Читаем Больше чем просто дом полностью

Из всех людей на свете Бекки менее всего желала бы встречаться с миссис Долорес Юм. Это было ясно как день — она просто не могла представить себе, как приезжает в дом Юмов. И уж конечно, ее ничуть не тянуло продолжить знакомство с дамой, которая так враждебно на нее таращилась, застав за мытьем в ванной, — мягко говоря, Бекки не огорчилась бы, узнав, что ей больше никогда в жизни не доведется повидать миссис Юм.

Затем ее раздражение перекинулось на Рене.
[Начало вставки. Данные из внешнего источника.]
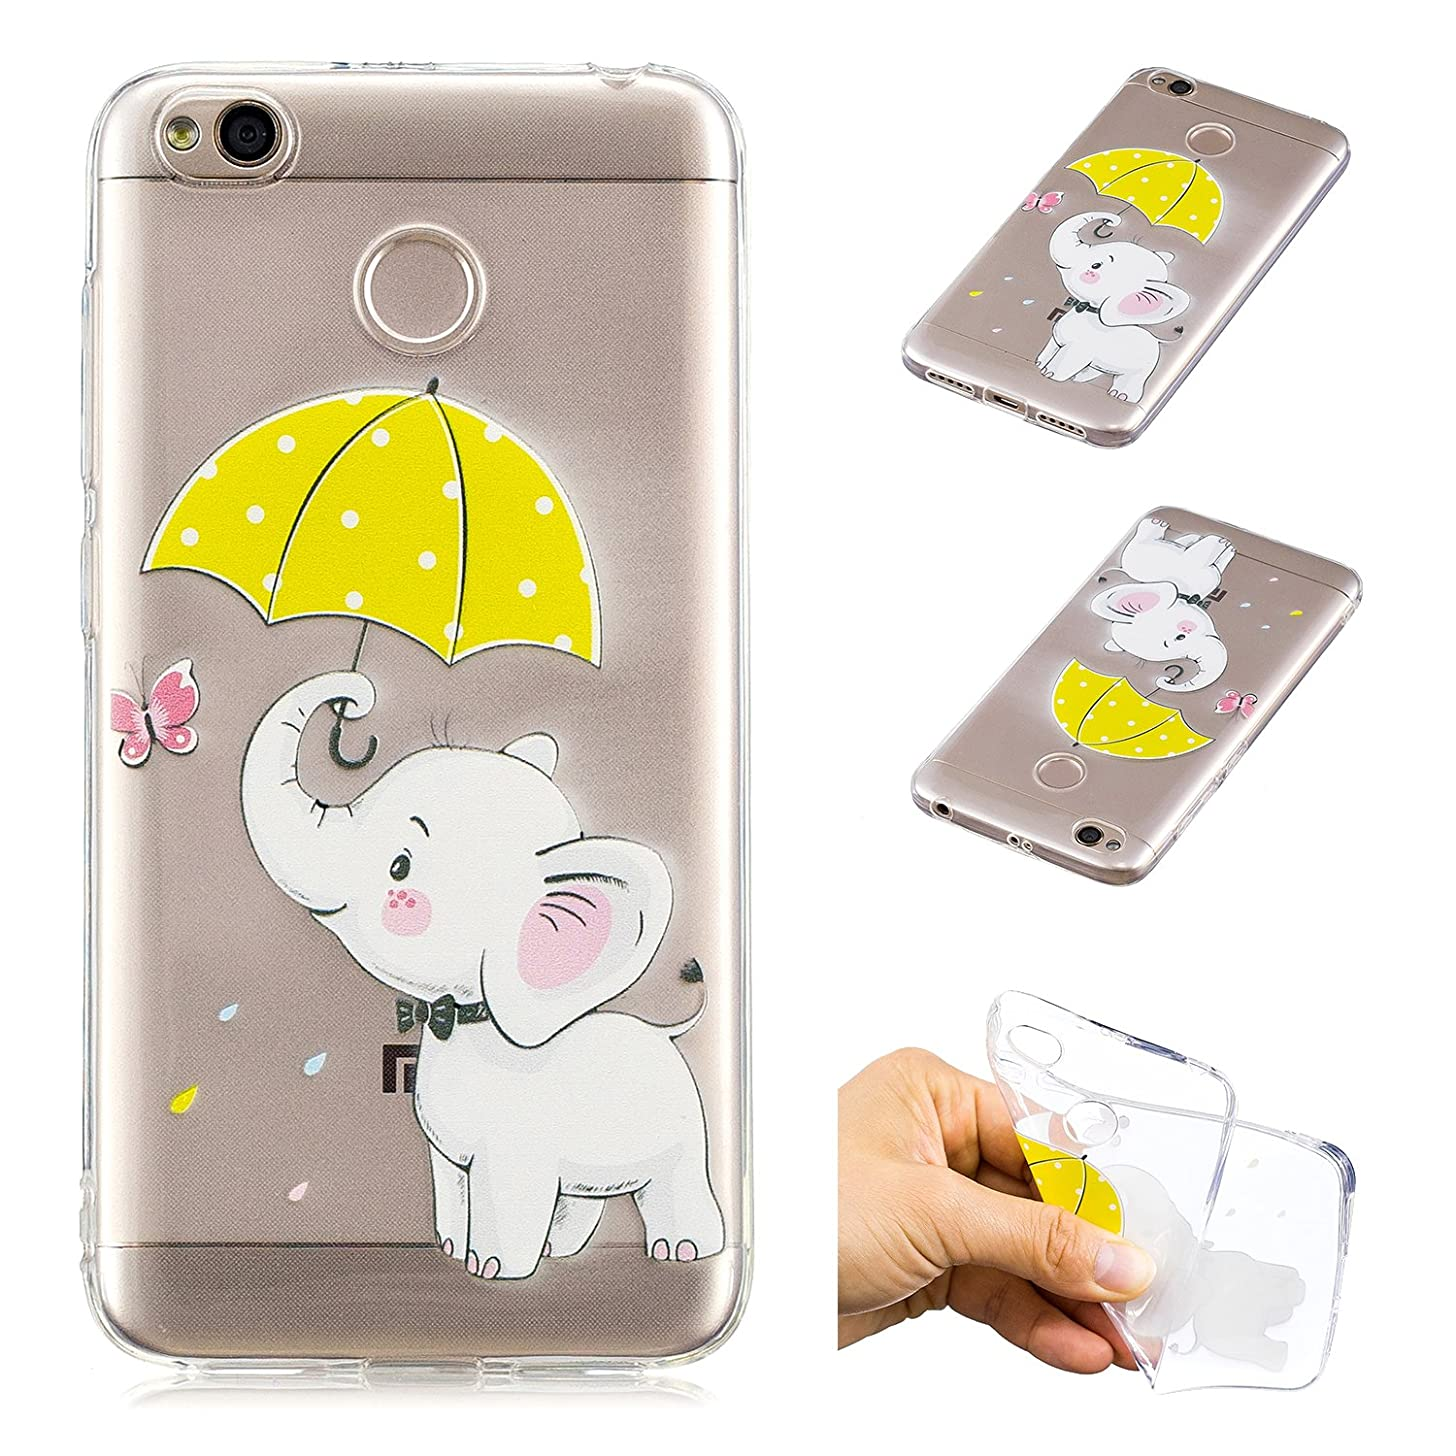 Creative Case for Xiaomi Redmi Note 5A,Transparent Soft Clear TPU Cover for Xiaomi Redmi Note 5A,Leecase Umbrella Elephant Cute Pattern Flexible Protective Case Cover for Xiaomi Redmi Note 5A

С какой стороны на это ни взгляни, выходило так, что он ее стыдится. Она, конечно, понимала всю сложность его положения, но сейчас — такая цветущая, со здоровым румянцем после физических упражнений — находила возмутительным, что кто-либо может думать о ней с пренебрежением. Рене рассуждал разумно и здраво, но Бекки была бы в сто раз счастливее, если бы они сразу объявили о помолвке, — и не беда, что на нее месяц-два будут глазеть, злословя за спиной, все эти любопытные кумушки. Бекки казалось, что ее считают здесь человеком второго сорта, и на этой почве у нее даже начал формироваться комплекс неполноценности. Это, в свою очередь, заставляло ее воспринимать расписание как одно из проявлений тирании, и в последнее время Бекки начала задумываться, не слишком ли многим она жертвует, полностью — ежедневно и ежечасно — подчиняясь чужой воле.

«Он сам может заехать туда за Ноэль, — решила она. — Я делала все по правилам, а если он такой предусмотрительный, то мог бы найти способ избегать подобных ситуаций».

Прошел еще один час, а Рене так и не сообразил, где в это время могла бы находиться Бекки. Он планировал ее дни, но до сих пор ни разу не задумывался, чем она занимается, помимо его планов. Возвращаясь к лаборатории в самом мрачном расположении духа, он резко ускорил шаги при виде здания — появился новый повод для беспокойства. Он отсутствовал более трех часов, в течение которых барометр неуклонно падал, тогда как три окна были приоткрыты для проветривания. Рене не мог вспомнить, кто из них двоих — он или Чарльз — должен был предупредить сторожа, чтобы тот не отключал отопление в лаборатории на уик-энд. Его колбы с драгоценной водой… Он взлетел по заледенелым ступеням старинного здания, заранее страшась того, что увидит.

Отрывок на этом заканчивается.